Admittedly, escaping the comparison trap requires intention, so I thought I’d share three ideas that might encourage more financial contentment. Here we go.


1.      Inner Scorecard vs. Outer Scorecard

Warren Buffett often talks about the value of having an “inner scorecard.” That is, measuring yourself by your own standards and values as opposed to the “outer scorecard,” which defines success by societal validation or comparison. Ask yourself:

“Am I basing my financial satisfaction on whether I’m meeting my own long-term goals, or on how I stack up against my peers?”

If your financial plan is on track and you’re funding the life you want to live, then you are “winning,” no matter what anybody else is doing.


2. The Gap vs the Gain


Most people spend almost all their time focusing on how much more they need to do to get to their future goals (the Gap) and rarely, if ever, take the time to observe how much progress they’ve made through the years (the Gain). To encourage the latter, how does your current situation compare to your wishes from 10, 20, or 30 years ago? Where were you hoping to be today?


In my experience, many clients have accumulated more wealth than they ever imagined or thought possible when they started their journey. Recognizing that simple fact can quiet the restless urge for more since it reframes your financial life from “How much further do I still have to go?” to “Look how far I’ve come!”


3. Ask: What Am I Giving Up Today for a Supposedly Better Tomorrow?


Many people delay the things that would bring them joy today—bucket list trips, experiences with loved ones, or even modest purchases that would meaningfully improve their lives—because they think it’s prudent to wait. Meanwhile, the money piles up.

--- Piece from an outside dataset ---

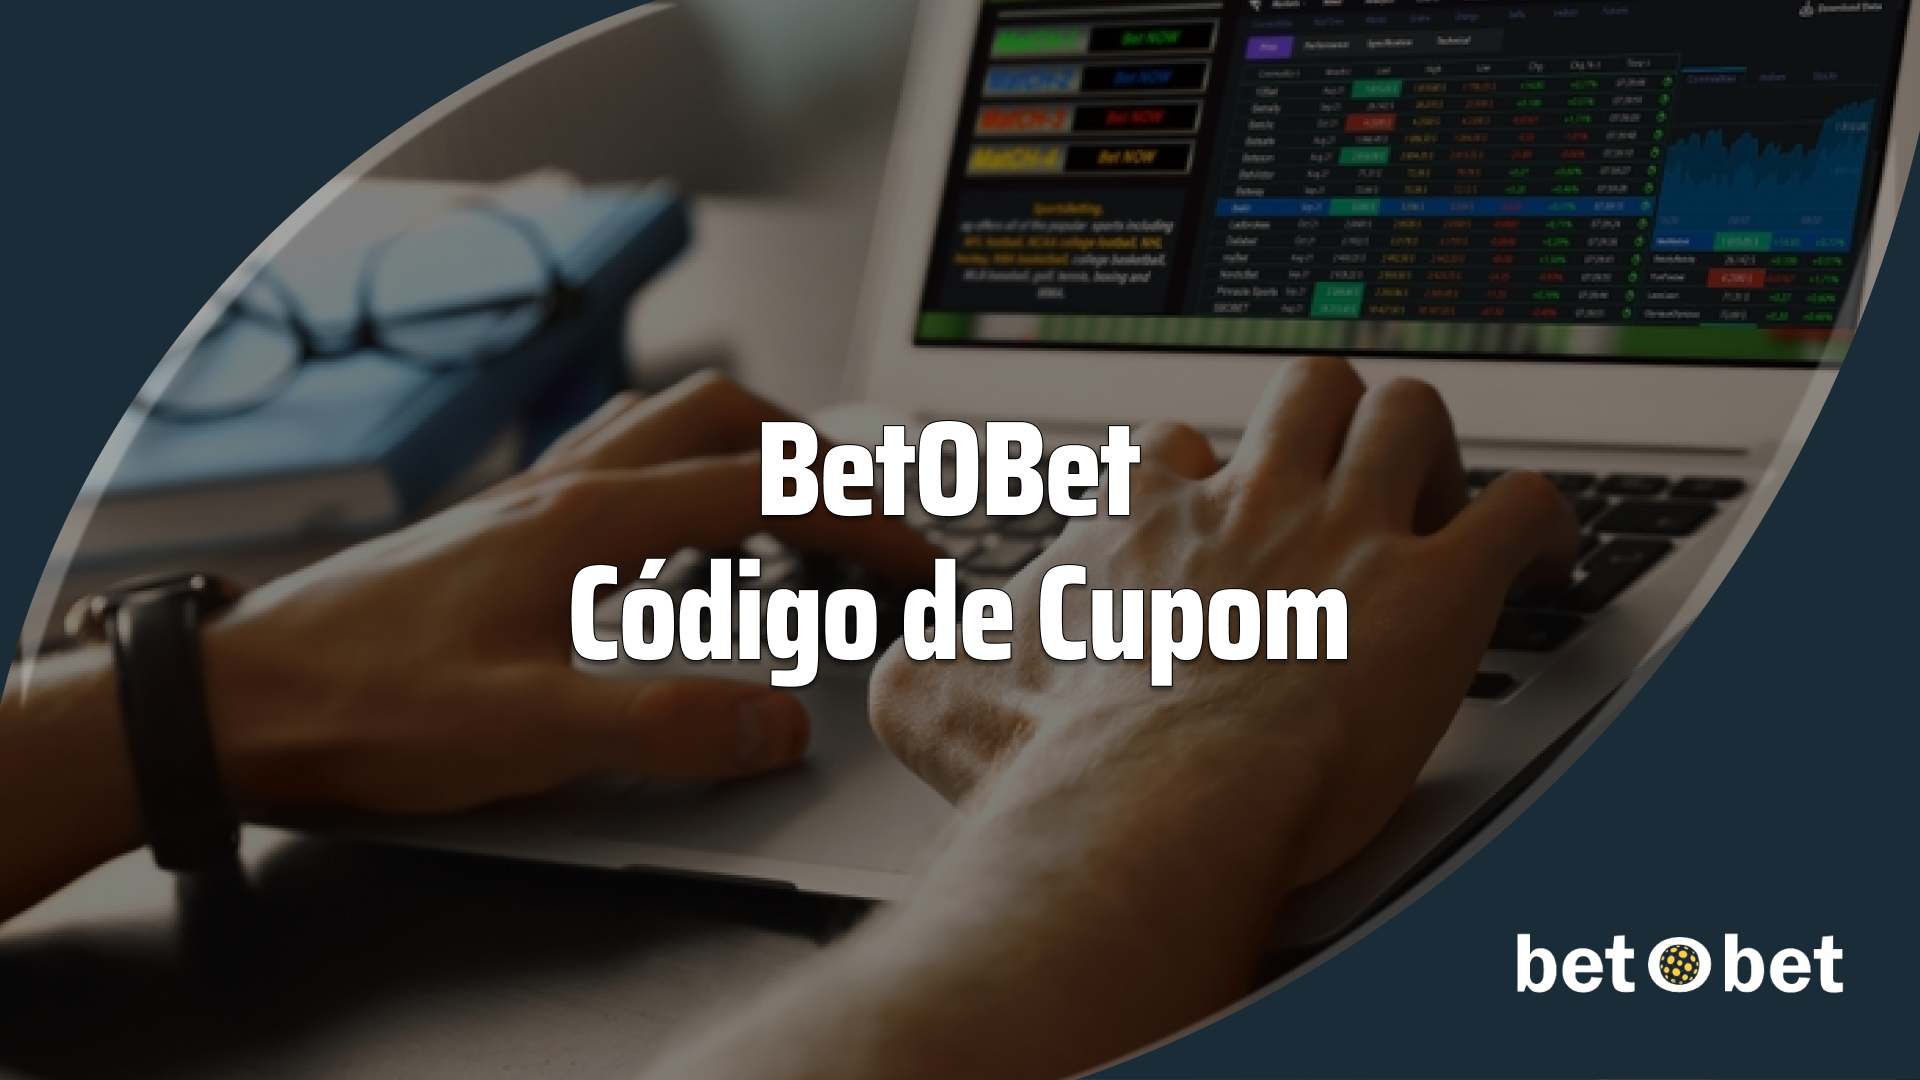 BetOBet Cdigo de Cupom: Bnus at R$500 + Aposta Grtis

But as Bill Perkins [4] wrote in Die With Zero,

“Since the whole point of money is to have experiences, investing money to get a return with which to have experiences is a roundabout way of having experiences.”

Yes, saving and investing are vital. But so is knowing when enough is enough, so you can start living the life you’ve worked so hard to afford.


The Takeaway


In the Western world, it’s easy to confuse “being ahead” with “being happy.” By keeping our focus on our own scorecard, occasionally pausing to see how far we’ve come, and recognizing when to spend for today instead of saving for tomorrow, we can step out of the comparison game.


True wealth isn’t about having more than others. It’s about having enough to live in alignment with what’s most important to you—and then actually living that life.


[1] Is More Always Better? by Sara Solnick and David Hemenway

[2] For example, half of the respondents preferred earning $50,000 (while others earned $25,000) rather than earning $100,000 (while others earned $200,000).